We estimated the probability that our γ-ray blazar candidates can be spurious associations adopting the following approach, similar to that successfully used in our previous analyses (e.g., Massaro et al. 2013a; Paggi et al. 2013).

We created two fake γ-ray catalogs shifting the coordinates of the 41 γ-ray blazars in the NU sample and of the 25 in the SU one by 0fdg7 in a random direction of the sky within the footprints of the NVSS and the SUMSS radio surveys. Keeping the same values of θ95 of each fake UGS, we verified that there were no correspondences with real Fermi sources within a circular region of radius θ95 at the flux level of the 2FGL.

For each fake UGSs, we search for all the radio sources lying within the positional uncertainty region at 95% of confidence in both the NVSS and SUMSS radio surveys. We then checked the presence of an IR counterpart of each radio source selected above crossmatching the WISE all-sky catalog with their NVSS and SUMSS positions within a radius of 3farcs3. The value of this IR-to-radio association radius has been chosen on the basis of our previous statistical analyses (see Section 2 and D'Abrusco et al. 2013, for more details).

For each radio source with a WISE counterpart we applied our KDE technique selecting the radio sources detected by WISE at 3.4 μm, 4.5 μm, and 12 μm with πkde > 0.10 being fake γ-ray blazar candidates. Then we repeated the entire procedure 10 times for both the NU and the SU sample to establish the probability of spurious associations. Based on the above procedure, we expect that 4% and 3% of the γ-ray blazar candidates previously selected for the UGS in the NU and SU samples, respectively, could be contaminants.

Last, we emphasize that these estimates depend on the γ-ray background model, the detection threshold, and the flux limit of the 2FGL catalog (Nolan et al. 2012), in which no γ-ray emission arises from any of the positions listed in the fake γ-ray catalogs.

4.3. Comparison with Previous Investigations

We compare our results with those of previous analyses carried out in Massaro et al. (2013a), Massaro et al. (2013b), and Paggi et al. (2013). The results of our comparison is summarized below and presented in Tables 2 and 3.
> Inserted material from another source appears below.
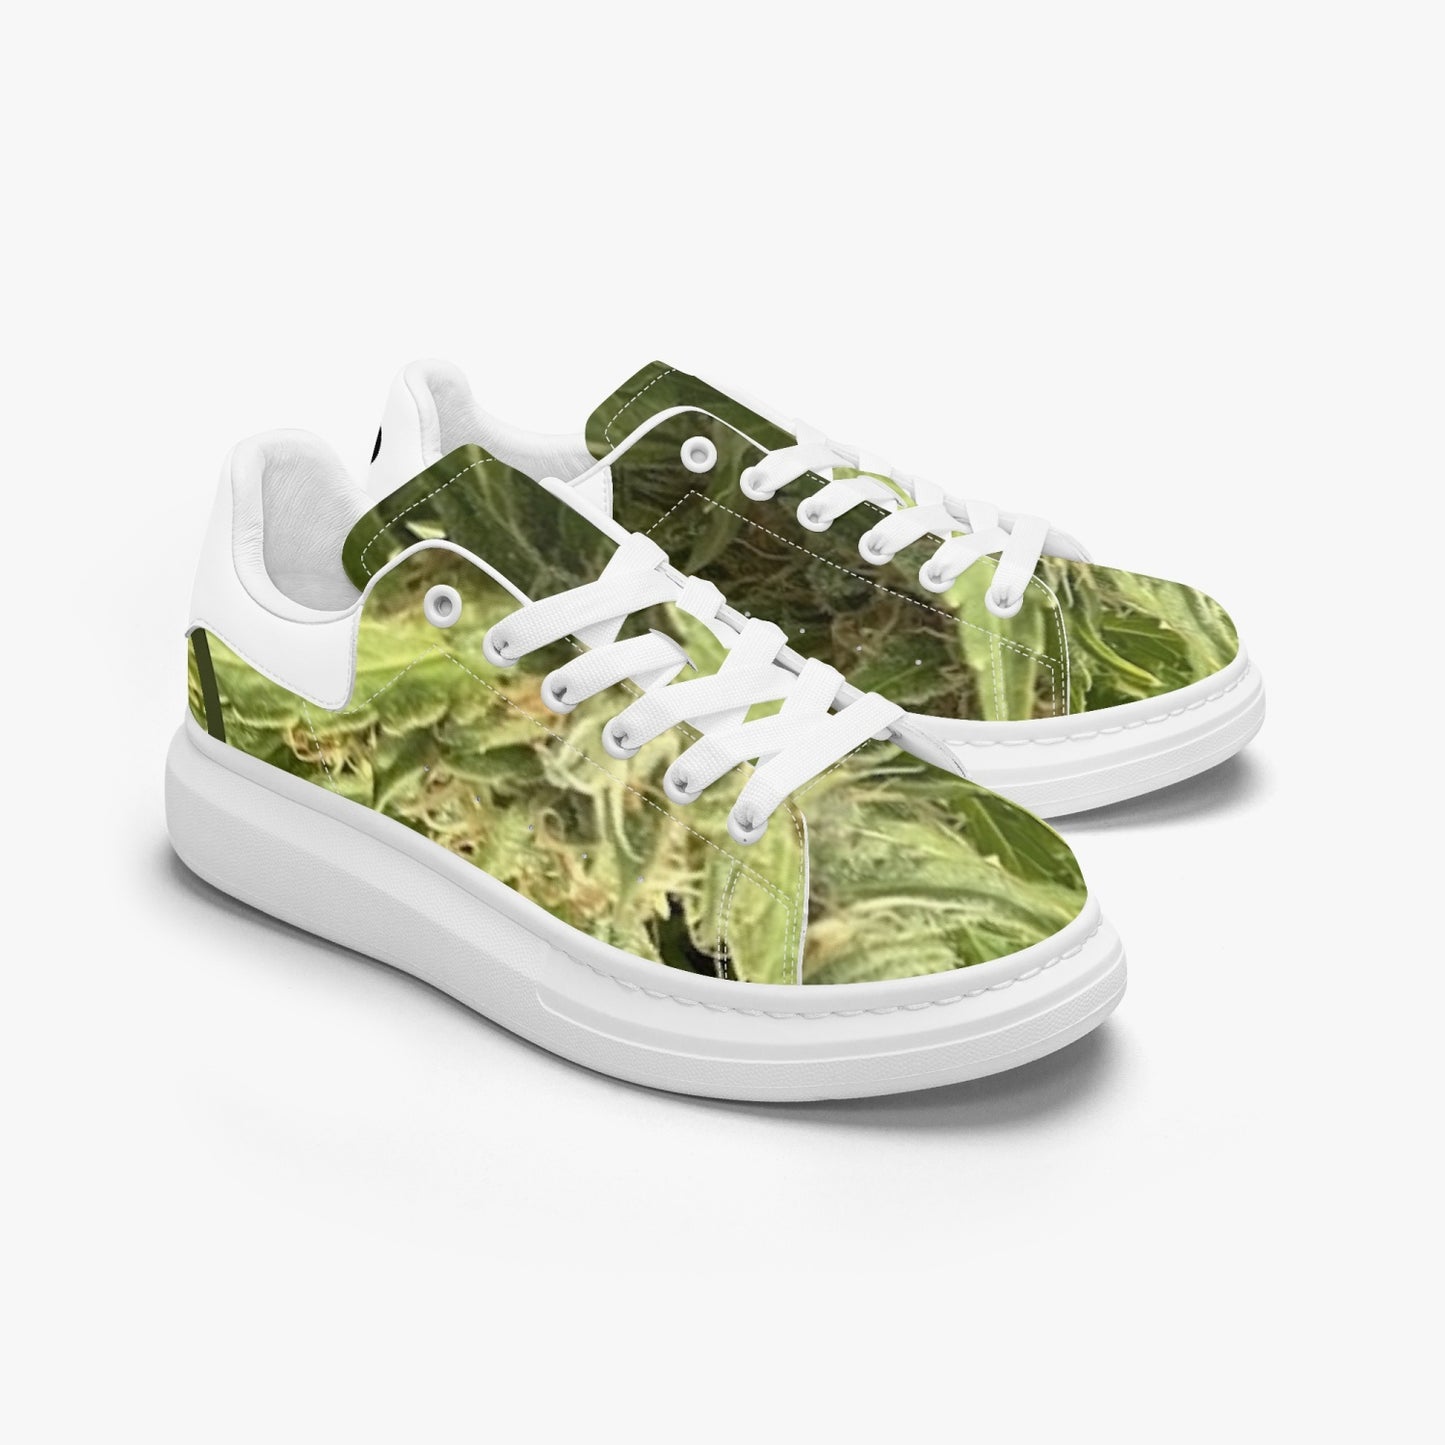 FZ Unisex Weed Leather Oversized Sneakers

We note that within the 41 γ-ray blazar candidates found in the NU sample, 16 sources were also selected on the basis of their three WISE colors in Massaro et al. (2013a), 7 that appeared as potential counterparts in Massaro et al. (2013b) found with the low-frequency radio observations, and 14 listed with an X-ray properties in Paggi et al. (2013). In addition, 12 UGS were also investigated in our previous analyses but, for them, we found a different γ-ray blazar candidate. The number of new candidate counterparts in the NU sample is 5. On the other hand, within the SU sample, we found that eight radio sources were also selected in Massaro et al. (2013a) and four in Paggi et al. (2013), in addition to four new γ-ray blazar candidates.

Petrov et al. (2013) found the WISE counterparts of their SDA sample, but they did not verified which have IR colors consistent with the Fermi blazars. Thus, in the SDA sample, we listed 11 radio sources detected thanks to the deeper radio survey performed with ATCA (Petrov et al. 2013) with IR colors consistent with those of the γ-ray blazar population. Among these 11 γ-ray blazar candidates, two sources were already found in Massaro et al. (2013a) and only one UGS (i.e., 2FGLJ0547.5−0141c) previously investigated that appear to have a different potential counterpart.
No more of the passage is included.